Methods: Thirty-one postrehabilitation patients with COPD were randomized to receive a rollator (n = 18) or usual care (n = 13) for 8 weeks and to record the frequency of rollator use. Outcome measures at baseline, 4 weeks, and 8 weeks included the Chronic Respiratory Questionnaire (CRQ) and the 6-min walk (6MW).

Results: During acute testing, subjects consistently walked further when assisted (baseline 6MW: 292 ± 67 m vs 263 ± 67 m; 8 weeks: 283 ± 65 m vs 259 ± 68 m [±SD]; p = 0.013). However, provision of a rollator at home was not associated with group differences in the CRQ (p > 0.08) or in the unassisted 6MW (p = 0.4) or the assisted 6MW (p = 0.5). Eight of 18 subjects assigned to the rollator group used the rollator less than three times per week. Regular users demonstrated a consistent improvement in mastery compared with infrequent users (4 weeks: 4.7 ± 0.6 vs 5.2 ± 0.8, respectively; 8 weeks: 5.3 ± 0.8 vs 4.7 ± 0.4; p = 0.014).

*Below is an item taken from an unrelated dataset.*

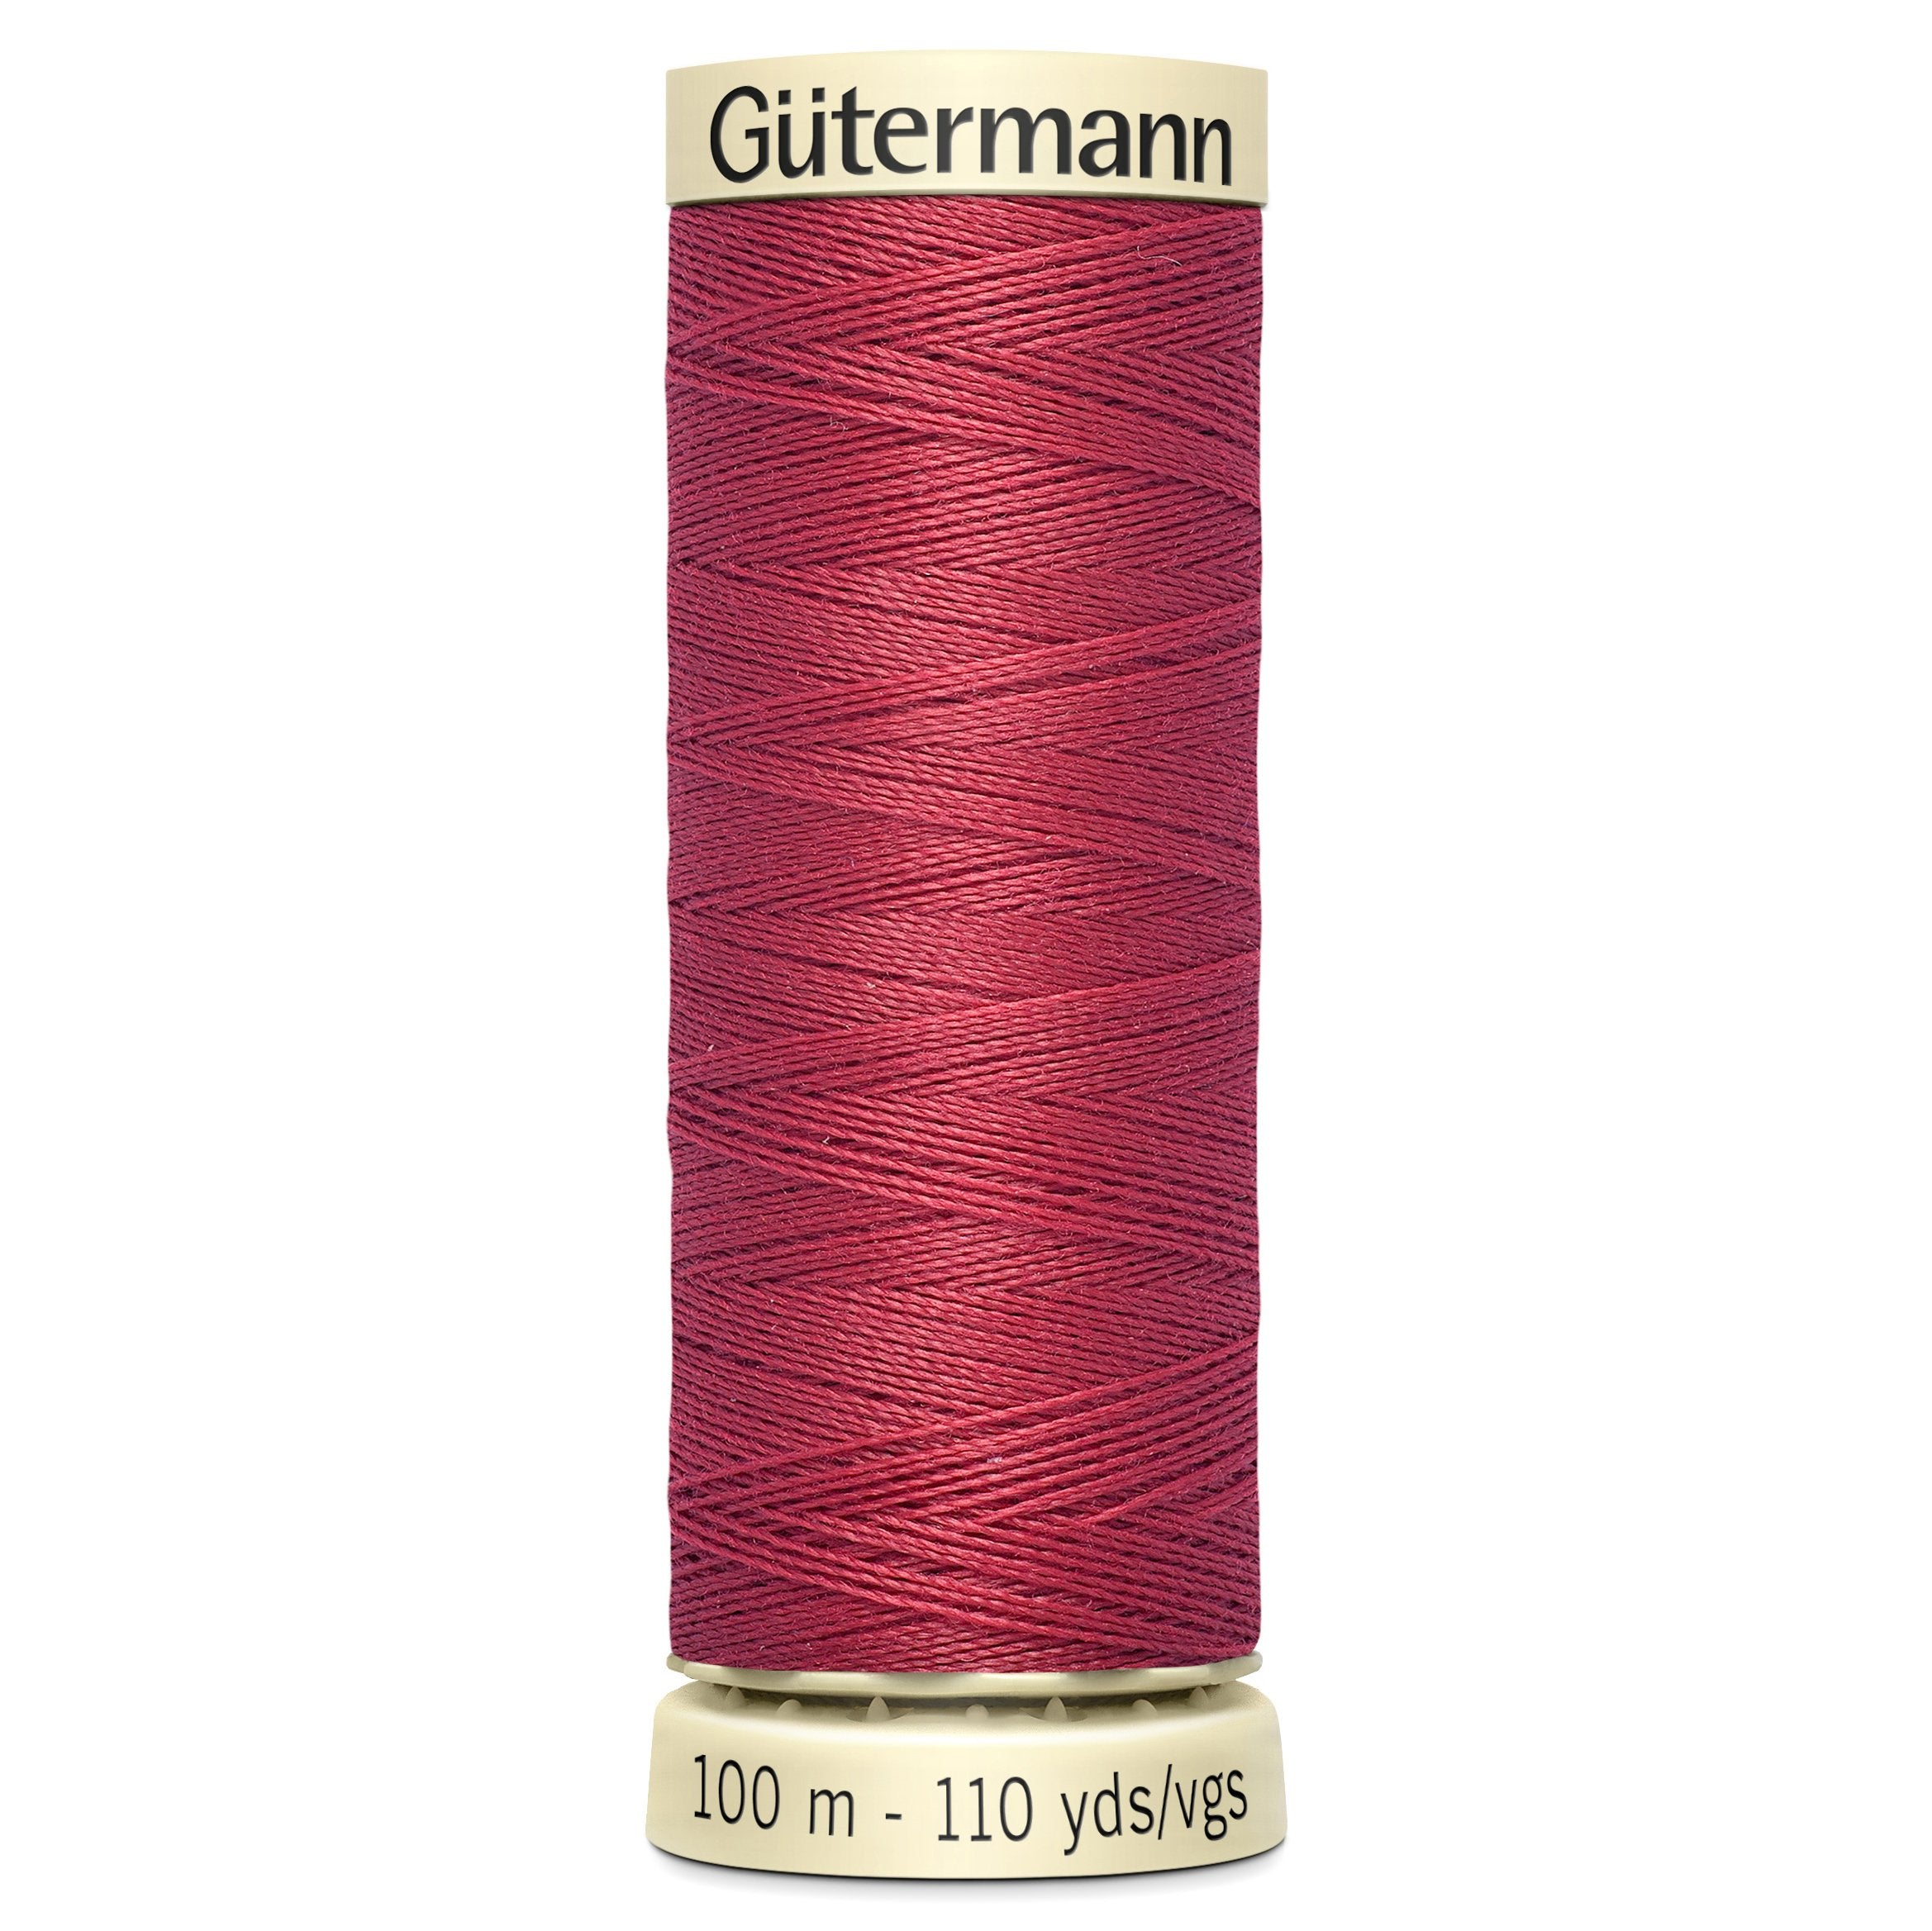 Gutermann Sew All Thread colour 82 Red from Jaycotts Sewing Supplies

Conclusions: Despite evidence of effectiveness during acute testing, this study did not demonstrate a rollator effect on quality of life or exercise capacity when the rollator was provided at home, for a longer period. Actual use of a rollator may be an important determinant of its effect. Therefore, when prescribing a rollator, health-care professionals should attempt to identify those most likely to use it.